The KIM-1 then emits records, which because we haven't done anything here on the 763 side will just go straight to the printer.

KIM-1 punched tape uses this format:

;180000A93485F9A97785FAA90085FB201F1F4C0000507A586941690A1A
;0000010001

There are six embedded nulls also present before each line which we don't see here. Each line then "starts" with a semicolon character followed by a varying number of hexadecimal digits. First is a byte giving the number of bytes in this record (maximum 24), then the 16-bit address to store the data, 24 bytes of memory and finally a 16-bit checksum (the wrapped sum of all preceding bytes), terminated by a line feed. The final record has a length of zero data bytes and the total number of records (not counting this one) that were transmitted, plus its own checksum computed the same way.

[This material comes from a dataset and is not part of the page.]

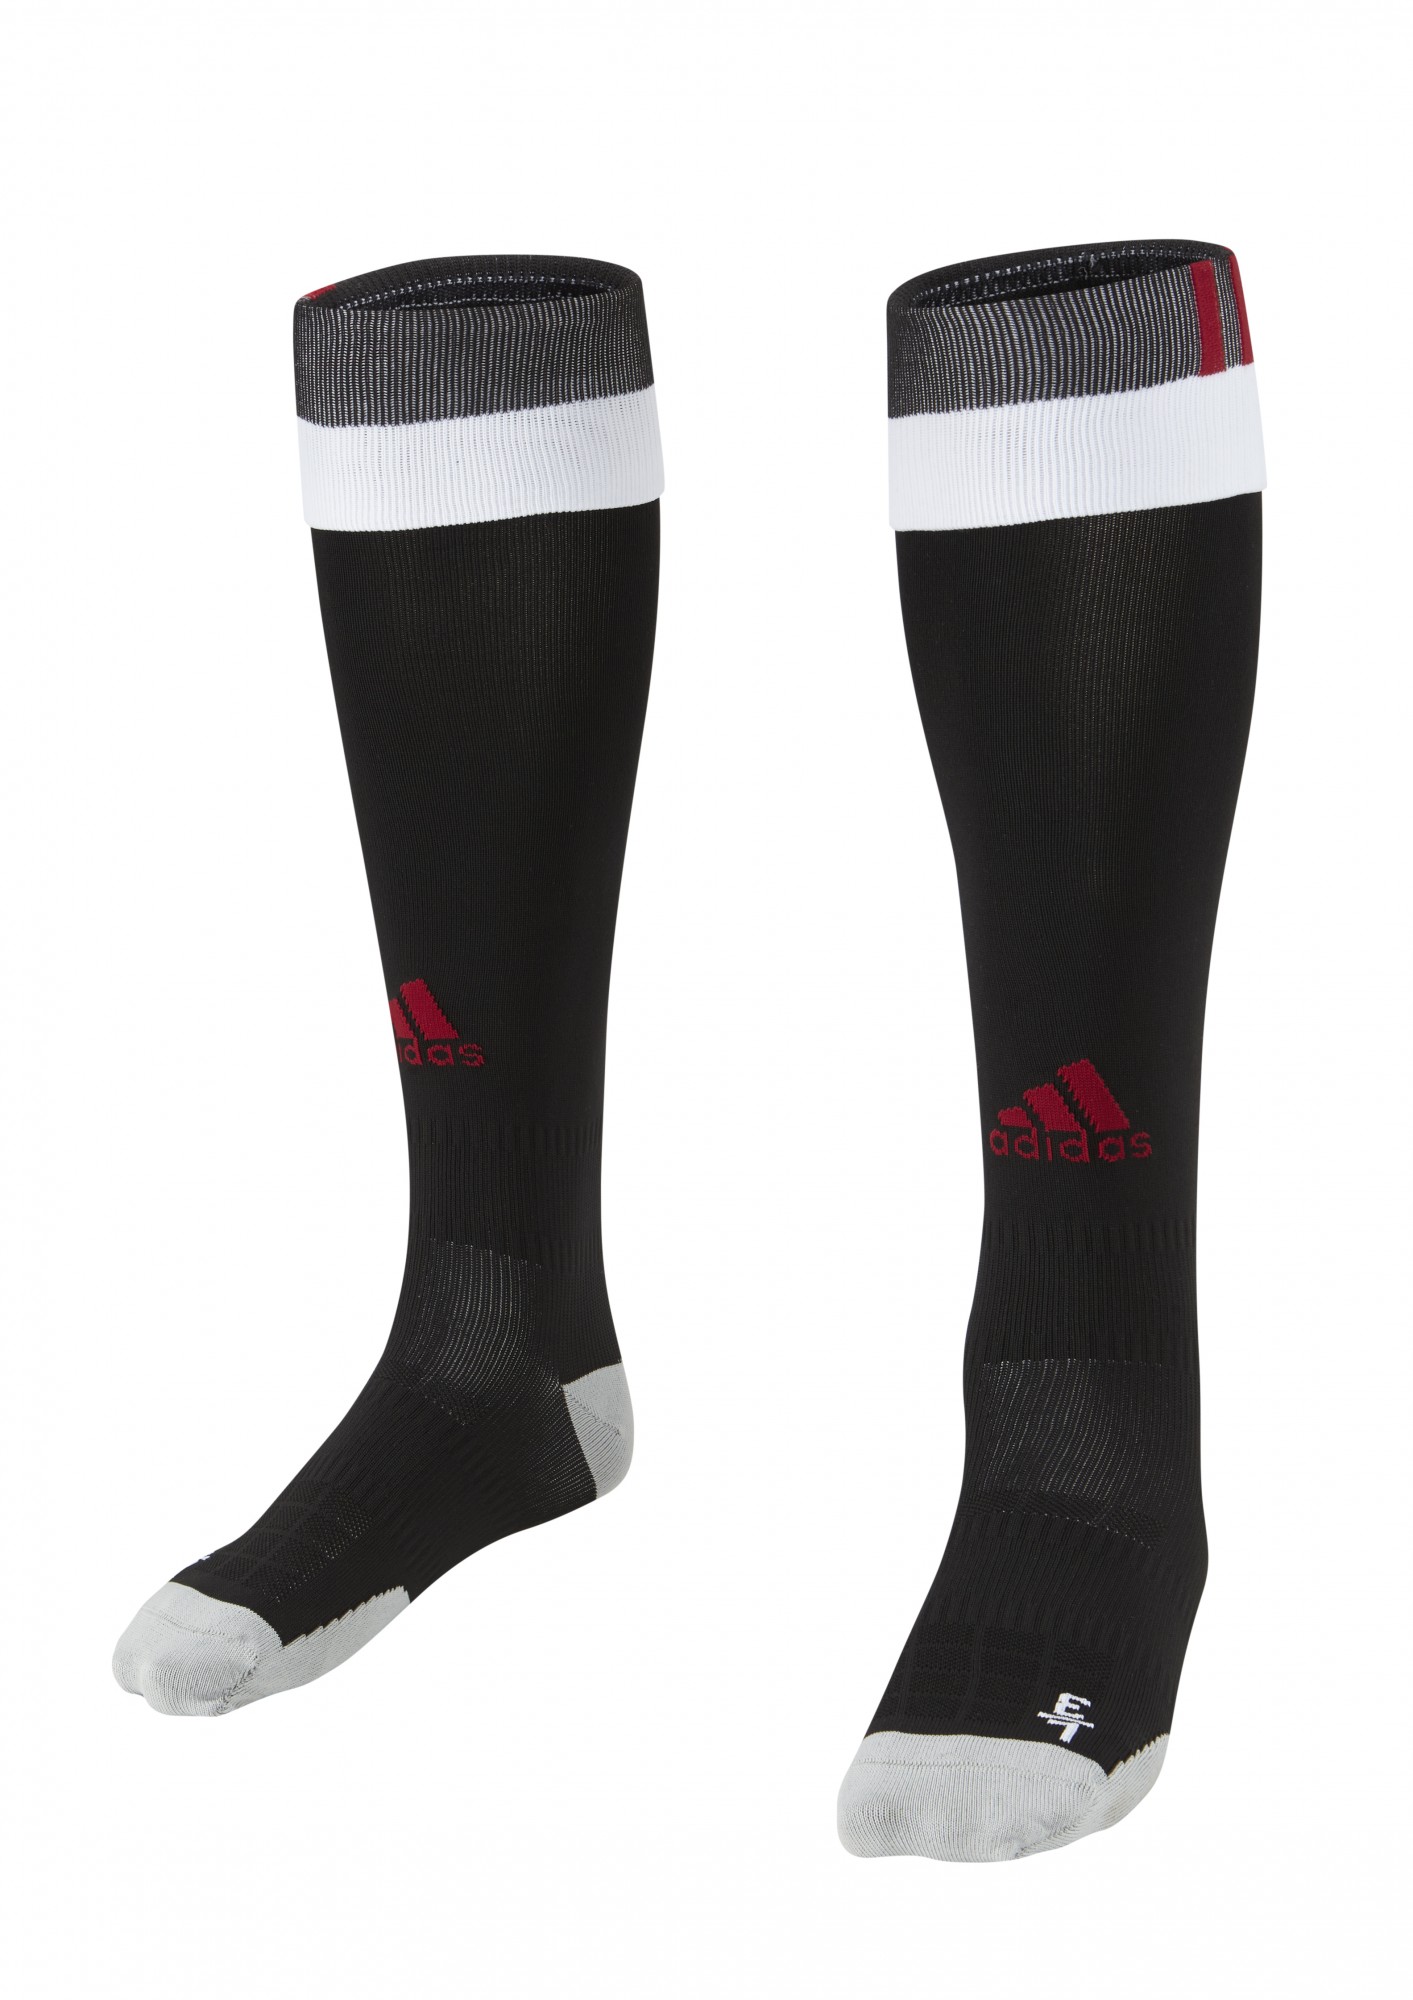 Sheffield United Home Kit 2016-17 socks

The reason my error with the ending address didn't matter is that the KIM-1 will always print a 24 byte record no matter how many bytes are left to actually print (but it will accept records smaller than 24 bytes). This means to calculate the approximate overhead of a hex dump requires you to round up the total space to a multiple of 24 and multiply that by two for the hex digits. Then, for every group of 48 hex digits add 2 more bytes for length, 4 bytes for address, 4 bytes for checksum, one byte for the semicolon, two bytes for CR LF (just in case) and six bytes for the invisible nulls — or, said another way, reserve 67 bytes for every 24. The last record is always 6 nulls, one semicolon, 10 hex bytes and CR LF, so add on another 20.

ASR teletypes accomplish automated communication through recording and playback of sessions, so to emulate a tape punch, we'll have the 763 record the KIM-1's punched tape output, and then to load it back in, the 763 will play it back.

To talk to the 9980, we use the COMMAND mode. Pressing CMD lights the COMMAND light (this time usefully) and prints a unique slashed triangle prompt which cannot be generated by any keys on the keyboard, such that a command to the internal hardware can be easily identified on a transcript. I'll approximate this with the Unicode combined glyph ▹̶. Let's query the internal filesystem on this "clean" unit using the CATALOG command.

▹̶ CATALOG      CATALOG EMPTY

               MEMORY AVAIL =  250  80-CHAR LINES
               RECORD FILE:
               PLAYBACK FILE:
DONE

250 80-character lines equals 20,000 characters, so this is a 22.5KB unit minus reserved portions of the bubble memory. The internal filesystem is simple, just one level of files with no partitions or subdirectories, and filenames are six alphanumeric characters maximum (though they must always start with a letter and cannot be the words KEY or TO). Interestingly, the filesystem is case-sensitive, so we'll just use upper case for simplicity.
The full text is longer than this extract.